One of the greatest legends in Fort Myers history is Dr. Ella Mae Piper, whose business, philanthropic and civic achievements for a woman of color in the Jim Crow era are astounding. While the great white women in early Fort Myers history were working for social and civic improvement on their side of the tracks, Dr. Ella Mae Piper was working almost single-handedly for the same thing on her side of the tracks. Among her legacies are the first high school for black children in Fort Myers, the first black hospital, and the first black chapter of the American Red Cross. The benefit to the Dunbar community and to the larger community of Fort Myers in aiding and educating the impoverished children of her time and place are incalculable.

FM

In their home in West Orange, NJ, Thomas and Mina Edison each had a desk and the desks stood side by side. This side-by-side arrangement represents so well the yin-yang balance that is typical of the male-female influence upon the building of a city, or a nation. We have two forces that often seem to be in opposition, but which are actually complementary and interdependent— the men generally on the commercial or business side of the equation, and the women engaged in the aesthetic, social and cultural pursuits that both grow and groom the city, or the nation.
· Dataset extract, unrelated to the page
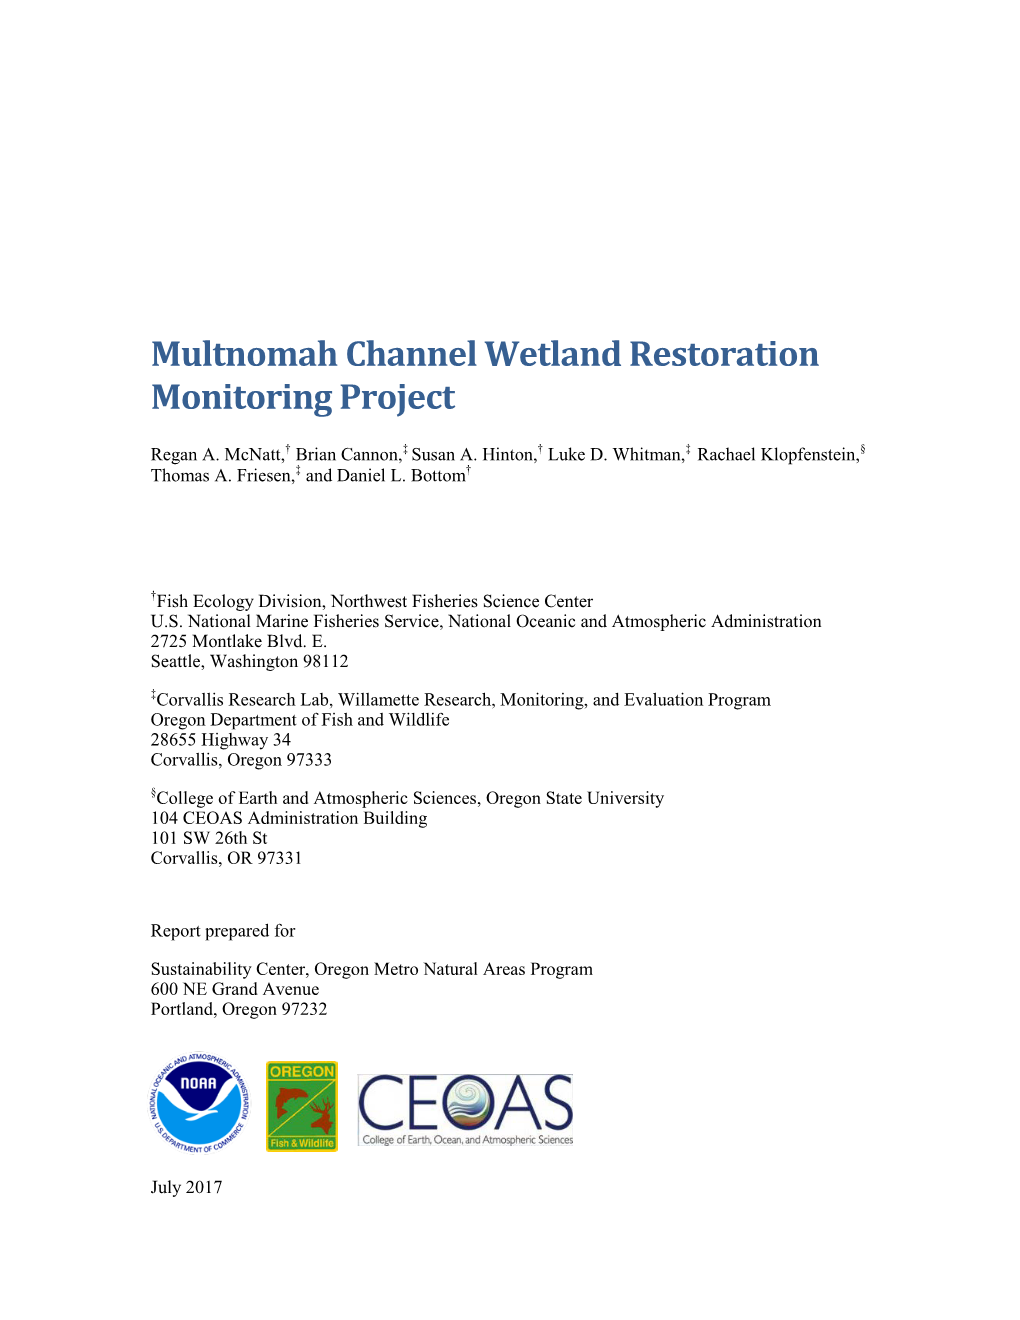 Multnomah Channel Wetland Restoration Monitoring Project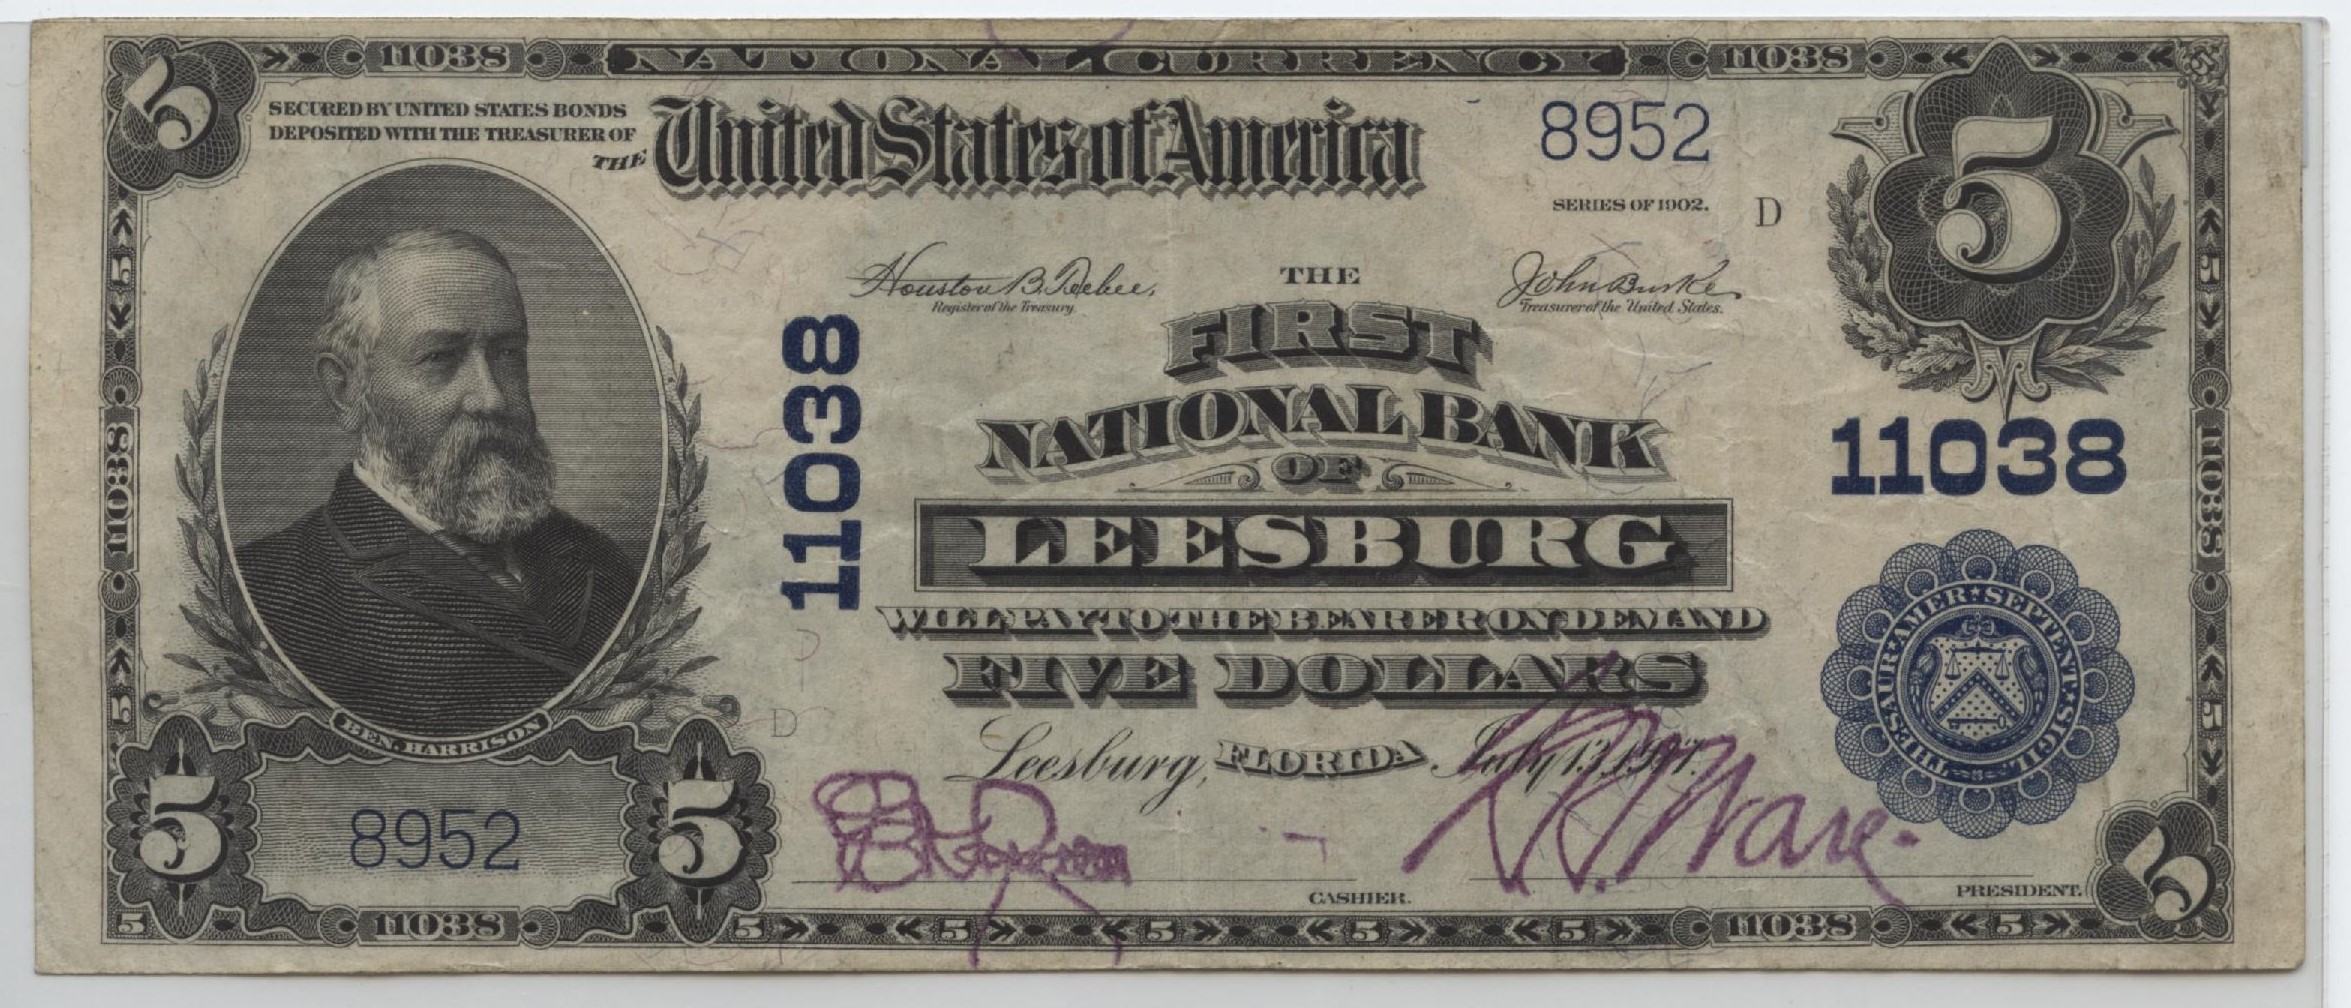 Доллар 95 году. Банкноты долларов США 19 века. Старые американские доллары. США доллары 19 века. Старые банкноты США.

Just as mothers used to (and probably still do) spit into a handkerchief (or tissue) to wipe a smudge of dirt from their children’s faces, so women will spit and polish a town. Women make a town stand up straight and be respectable and responsible. They dress it in nice clothes and make it go to school and take music lessons. They don’t just build a town, they love it, and in so doing, they give it pride and value—and potential.

A wilderness may be tamed less by the hand that holds the gun and the axe, than by the hand that gently, but firmly, sets the china cup upon the table.